According to Check Point Research team, this is a vulnerability in the ALAC format — Apple Lossless Audio Codec — which was introduced by Apple in 2004 for the purpose of distributing lossless audio files. Apple has updated its proprietary ALAC decoder over time, whereas Qualcomm and MediaTek utilise an open-source version that hasn’t been updated since 2011.
“The ALAC issues our researchers found could be used by an attacker for remote code execution attack (RCE) on a mobile device through a malformed audio file.” — Checkpoint explained. Android apps could also have extended their rights via the vulnerability.
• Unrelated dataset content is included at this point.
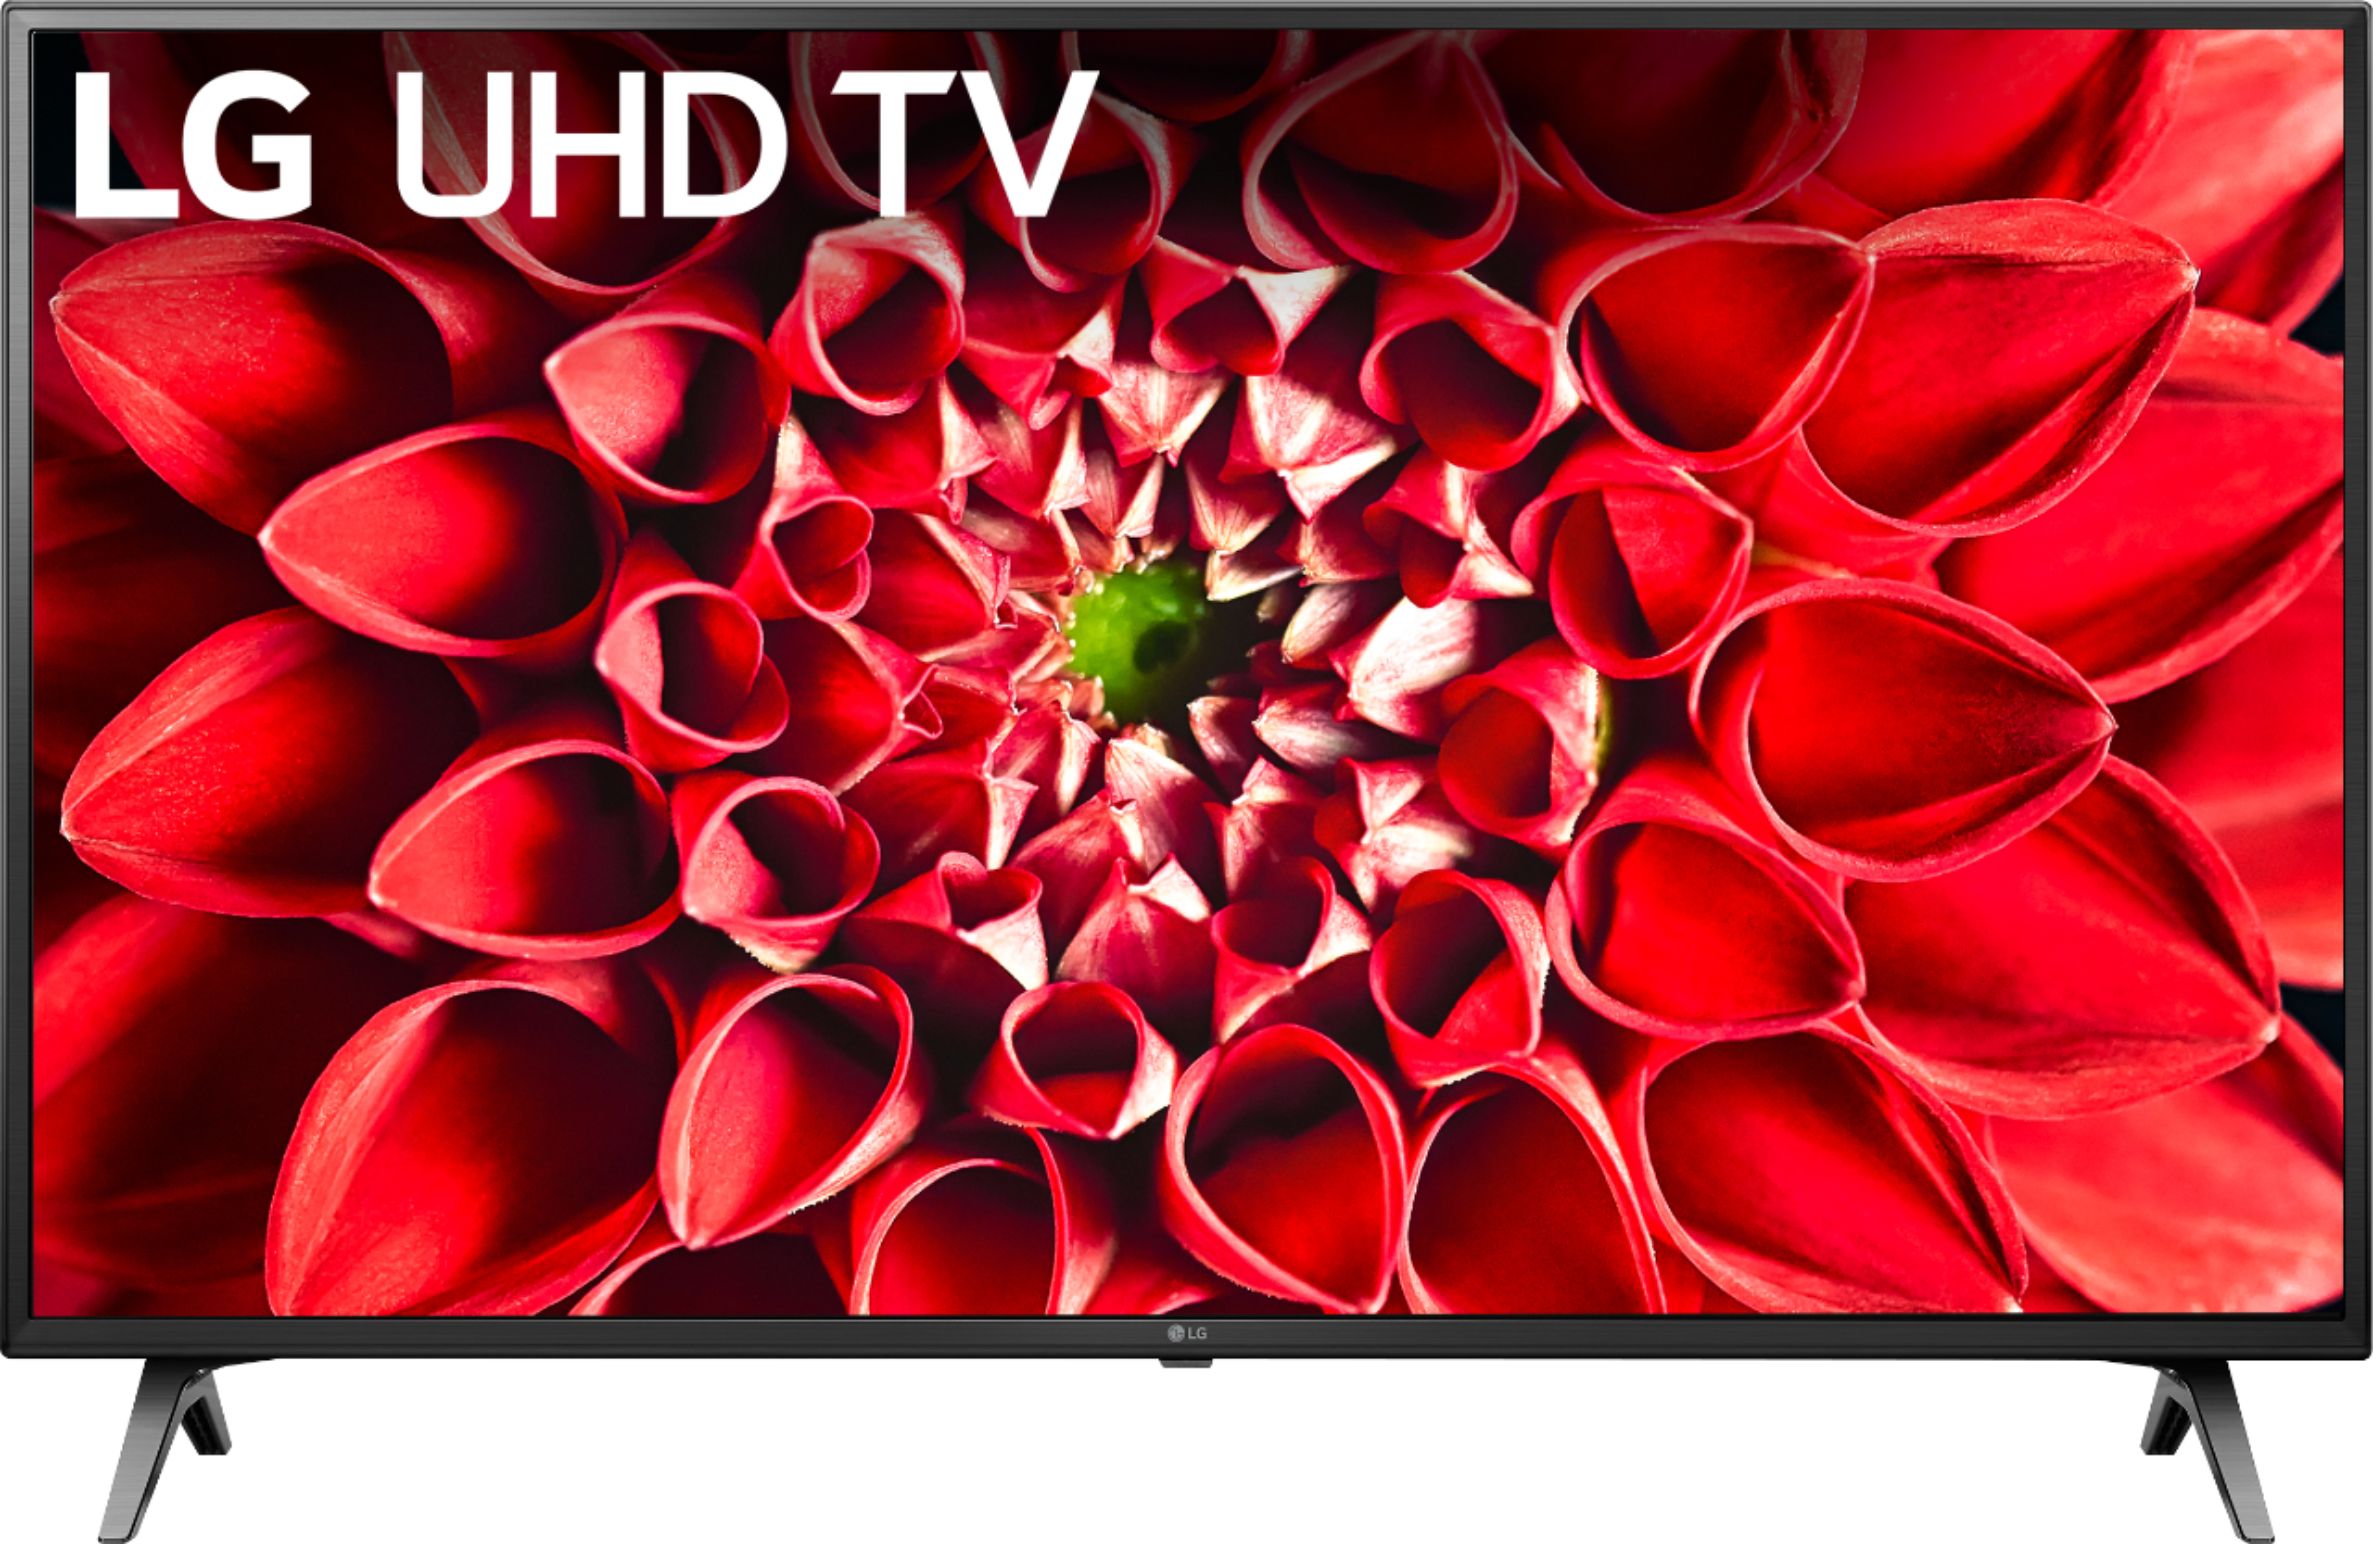 LG - 60" Class - UN7000 Series - 4K UHD TV - Smart - LED - with HDR $449.99

“The vulnerabilities were easily exploitable. A hacker could have broadcast a song (or any media file) and, when played by a victim, injected code into the privileged media service,” said Slava Makkaveev, reverse engineering & security researcher at Checkpoint.
According to Check Point, at least two-thirds of all smartphones sold in 2021 may be vulnerable to attack unless they have been patched. And in this regard, after Checkpoint informed Mediatek and Qualcomm about the vulnerabilities (CVE-2021-0674, CVE-2021-0675, CVE-2021-30351), they were closed in December 2021, and their patches were submitted to the device manufacturers and Google, which in turn made them available to users during the month of December.
The discovery of the vulnerability raises concerns not only about Qualcomm and MediaTek’s failure to keep open-source ALAC decoders up to date but also about other open-source code libraries could suffer from similar problems.